En mai dernier, Mark Carney , alors Premier ministre du Canada , figurait parmi les dirigeants mondiaux présents à la messe d'intronisation du pape Léon XIV , élu sur le trône de Saint-Pierre après le décès du pape François . M. Carney a traversé l'Atlantique pour son premier voyage sur le continent européen, quelques jours seulement après sa victoire à une élection que les Canadiens ont perçue comme la plus décisive de l'histoire récente du pays. L'homme politique qui a relancé le Parti libéral n'a pas croisé Donald Trump au Vatican, ce dernier ayant assisté aux funérailles de François mais ayant délégué la représentation des États-Unis à l'intronisation du nouveau pape à son vice-président.

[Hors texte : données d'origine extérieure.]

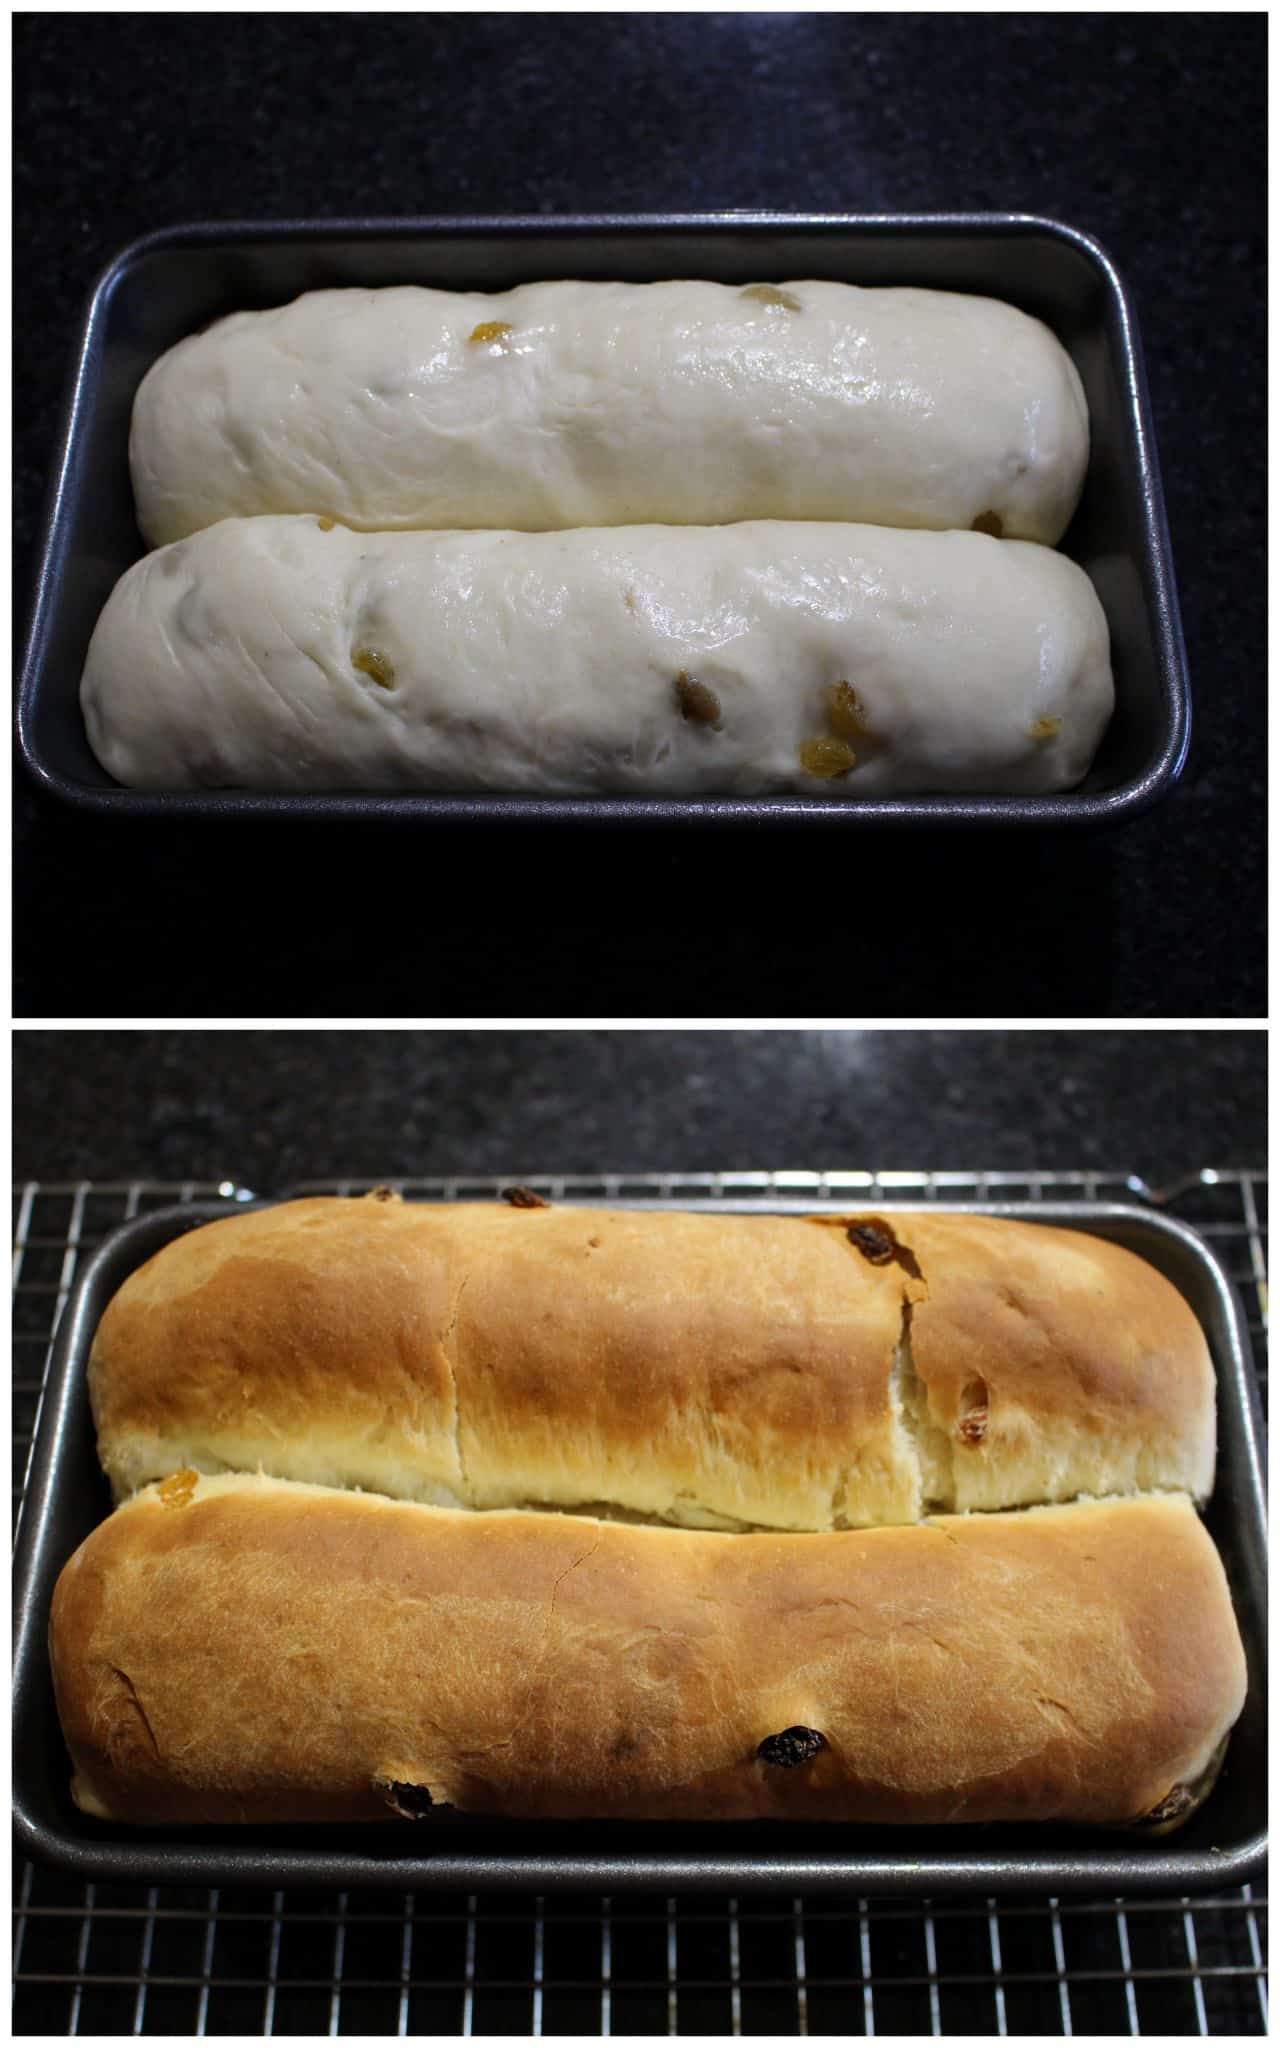 Bake the roll in oven

Et Carney ne semblait certainement pas le regretter. Les menaces du locataire de la Maison-Blanche envers son voisin du nord étaient assourdissantes à l'époque, tant en raison de sa détermination à déclarer la guerre par le biais de tarifs douaniers que de son intention à peine voilée d'annexer le Canada. Le successeur de Trudeau, destitué, avait mené une campagne active promettant la plus ferme défense de la souveraineté nationale . Et les Canadiens avaient déjà pleinement intégré une idée à laquelle ils n'avaient plus pensé depuis des décennies : l'importance de tisser des liens plus étroits avec l'Europe, en réaction au malaise lié au partage de l'espace géographique avec les États-Unis après le second mandat de Trump.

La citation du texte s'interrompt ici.